# [PROBLEM TO WORK ON]
Look through the entries below and copy exactly the part that begins with the line containing "Размыт мост. Надпись" and ends with the line containing "silhouettes de ballons". Do not copy the pictures.

# [EXTRACTED INFORMATION]
---
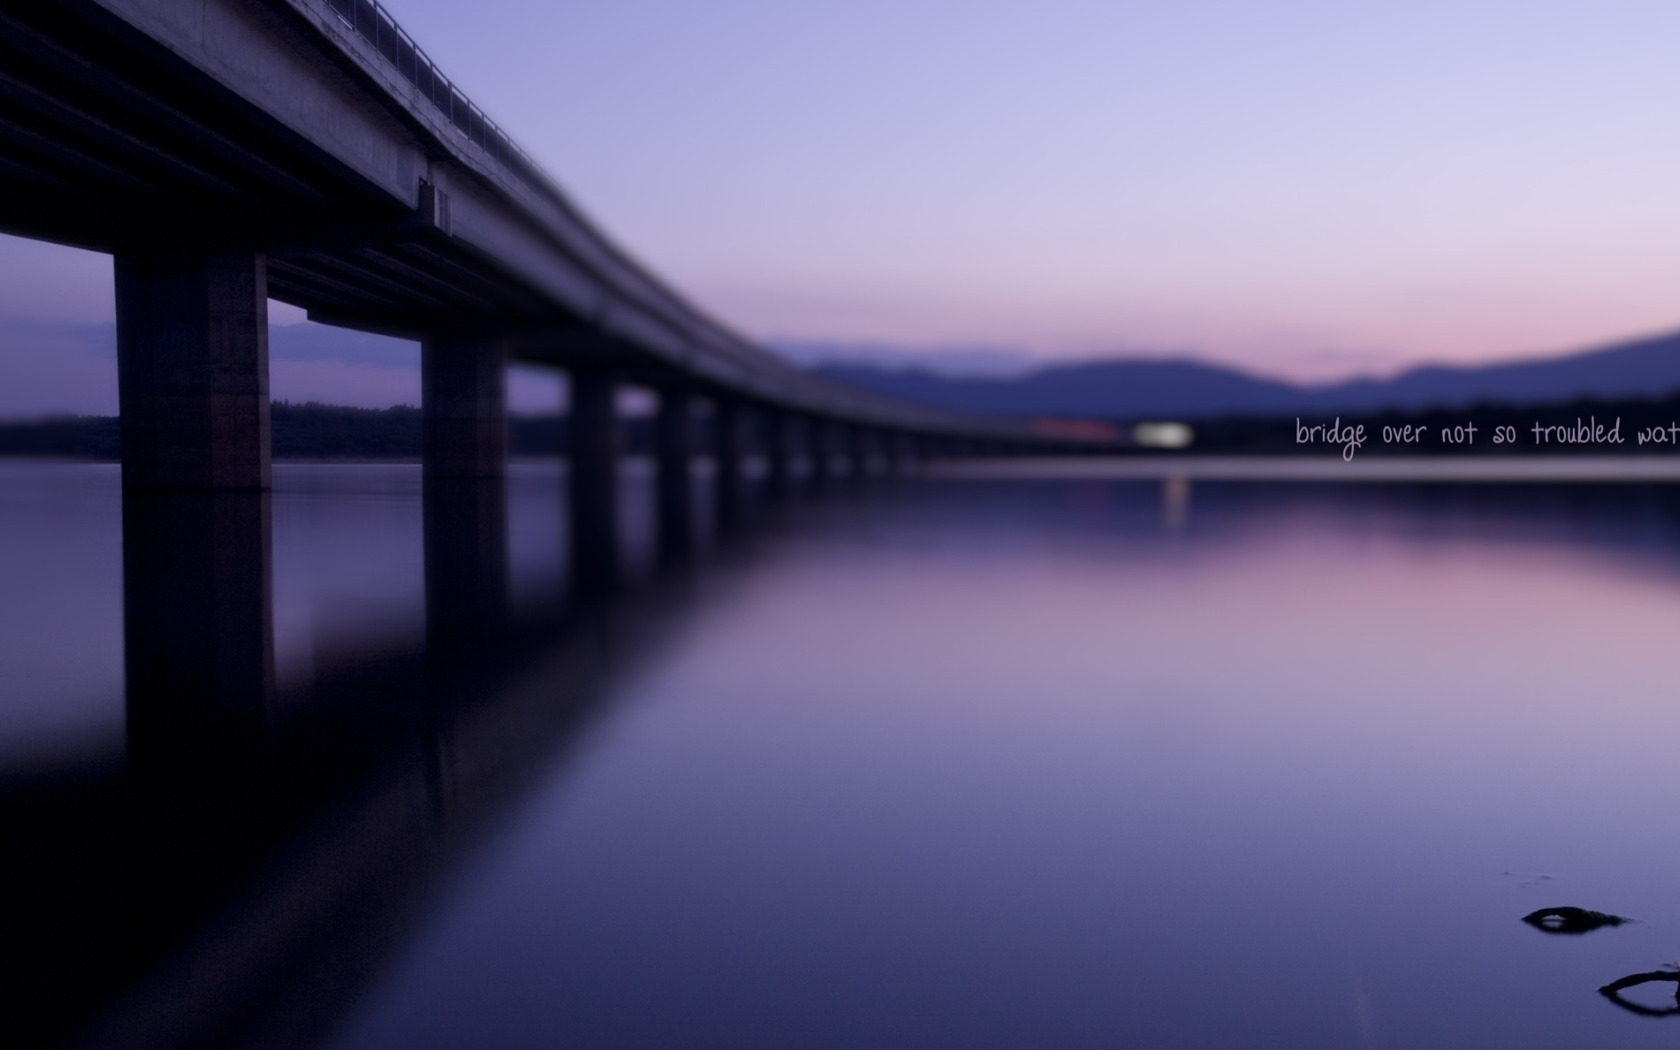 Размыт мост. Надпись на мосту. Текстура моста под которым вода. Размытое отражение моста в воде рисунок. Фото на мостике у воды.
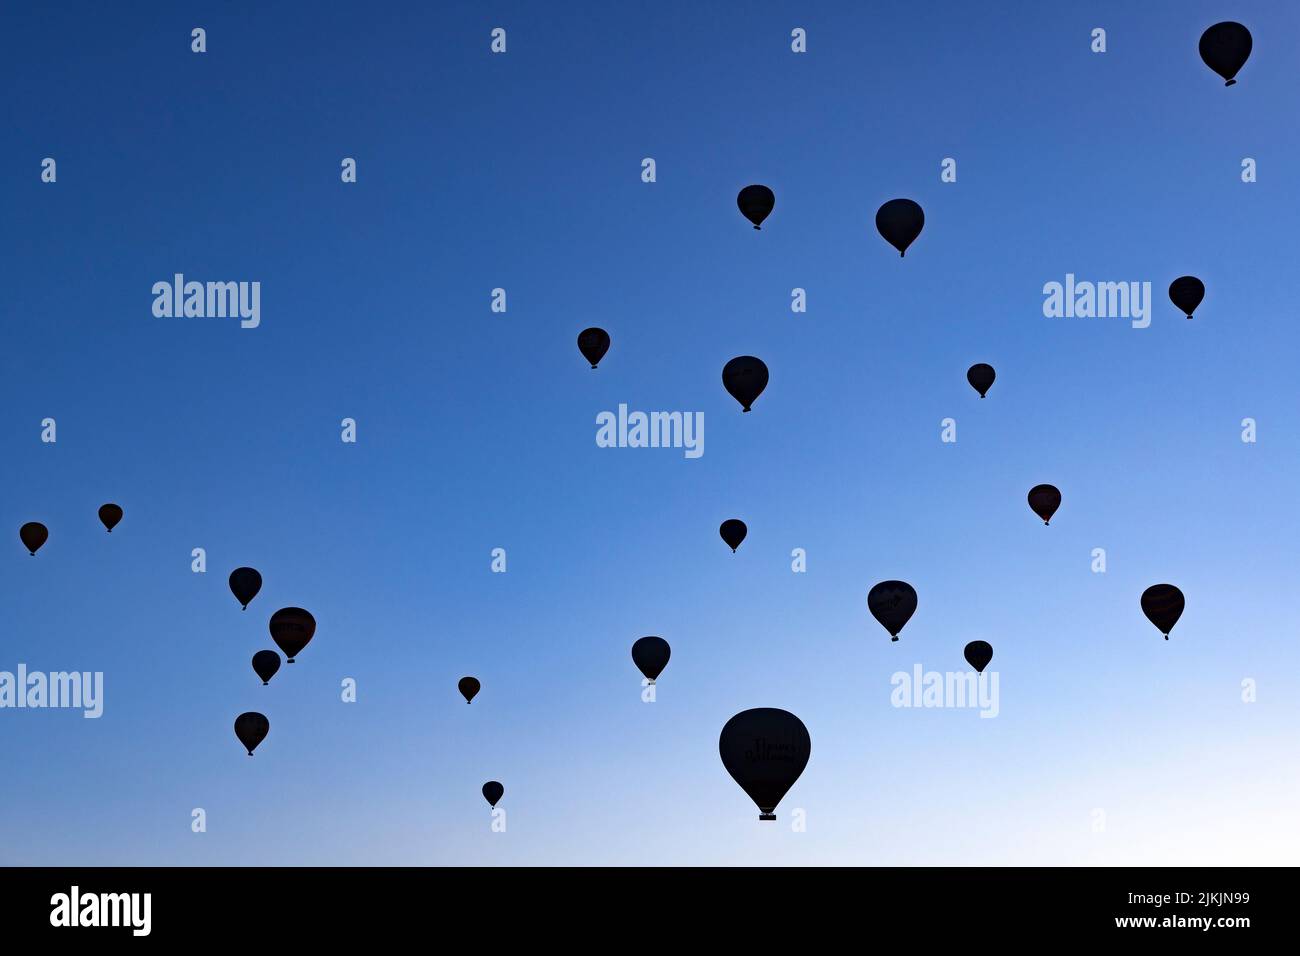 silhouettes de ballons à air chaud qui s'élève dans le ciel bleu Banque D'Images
---
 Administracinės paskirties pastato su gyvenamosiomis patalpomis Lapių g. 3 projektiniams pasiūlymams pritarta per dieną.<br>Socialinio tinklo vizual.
---
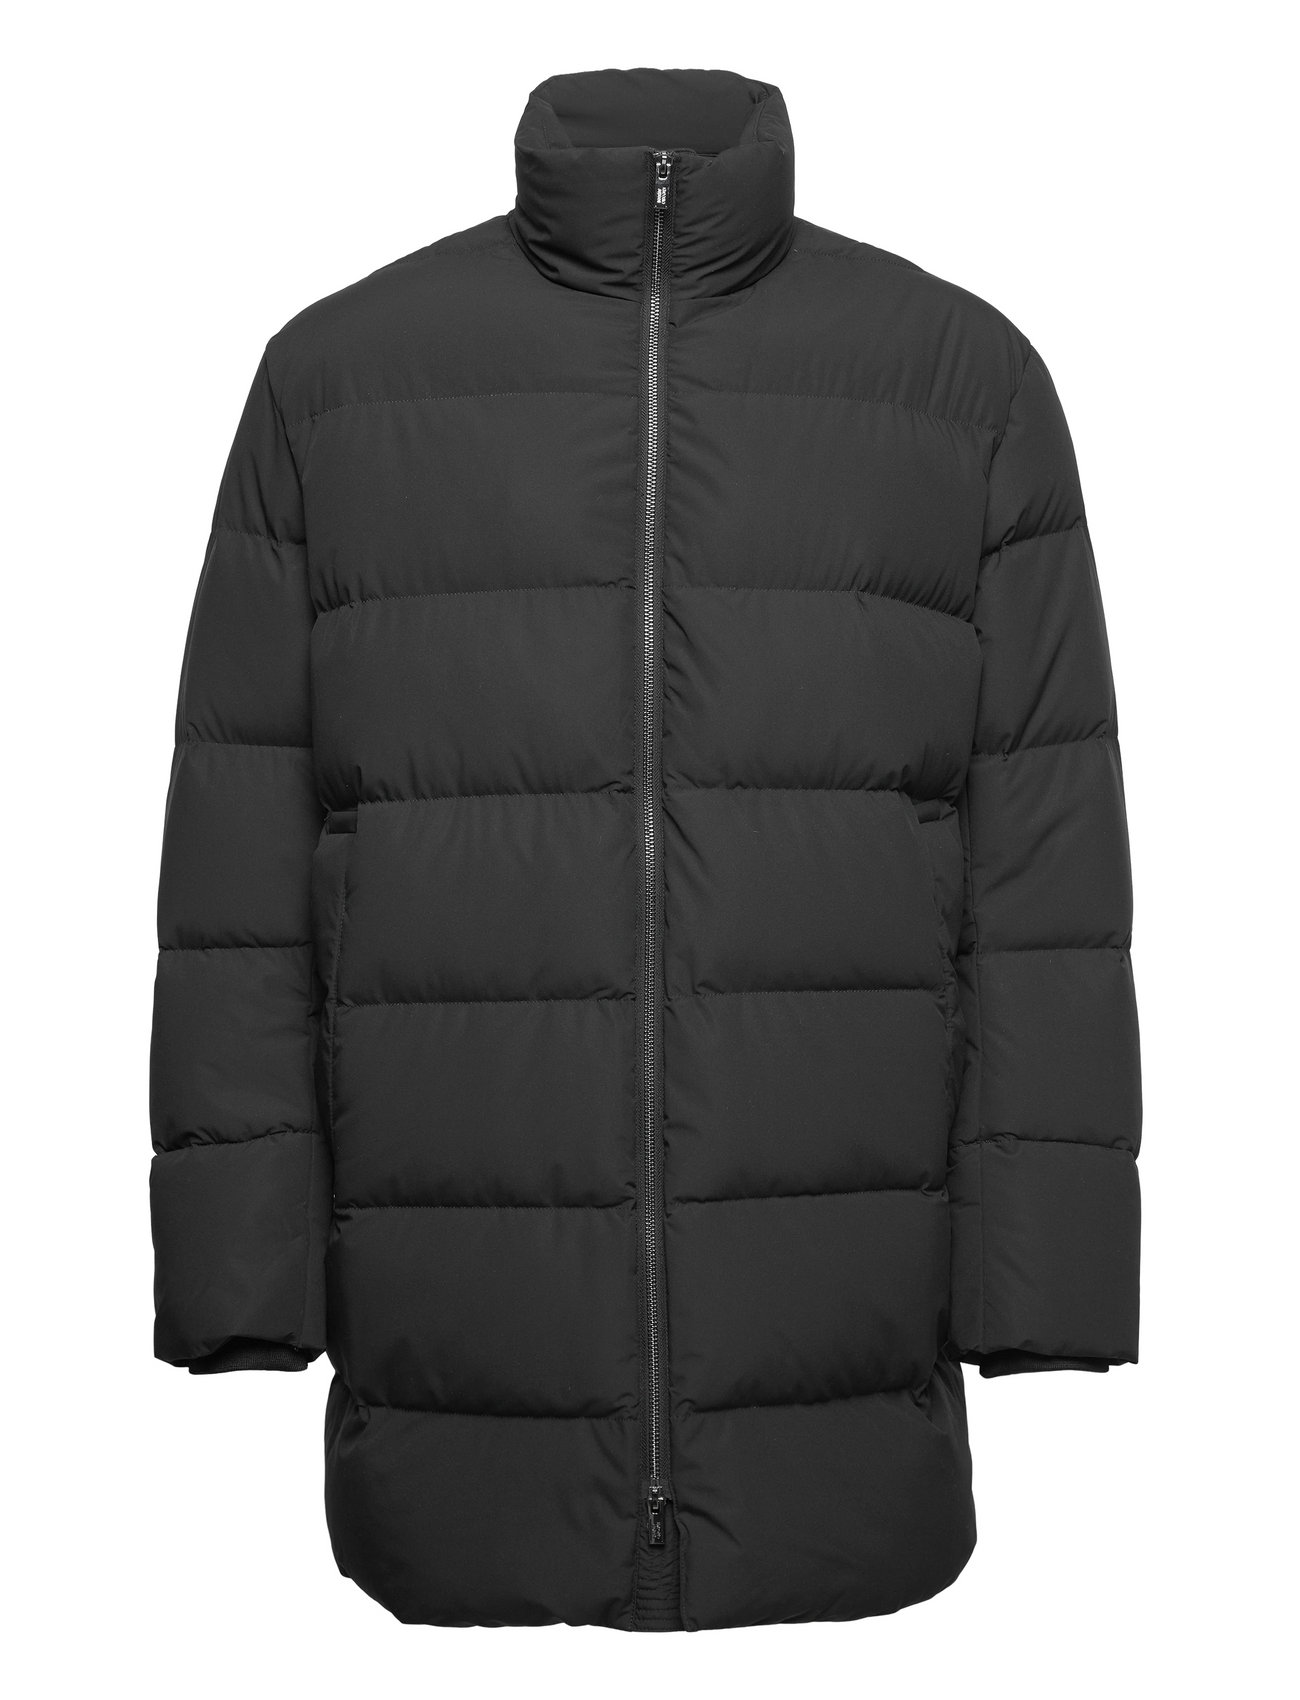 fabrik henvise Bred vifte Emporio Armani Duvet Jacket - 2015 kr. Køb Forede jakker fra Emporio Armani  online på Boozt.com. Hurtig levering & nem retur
---
# [THE COMPLETED TASK]
 Размыт мост. Надпись на мосту. Текстура моста под которым вода. Размытое отражение моста в воде рисунок. Фото на мостике у воды.
 silhouettes de ballons à air chaud qui s'élève dans le ciel bleu Banque D'Images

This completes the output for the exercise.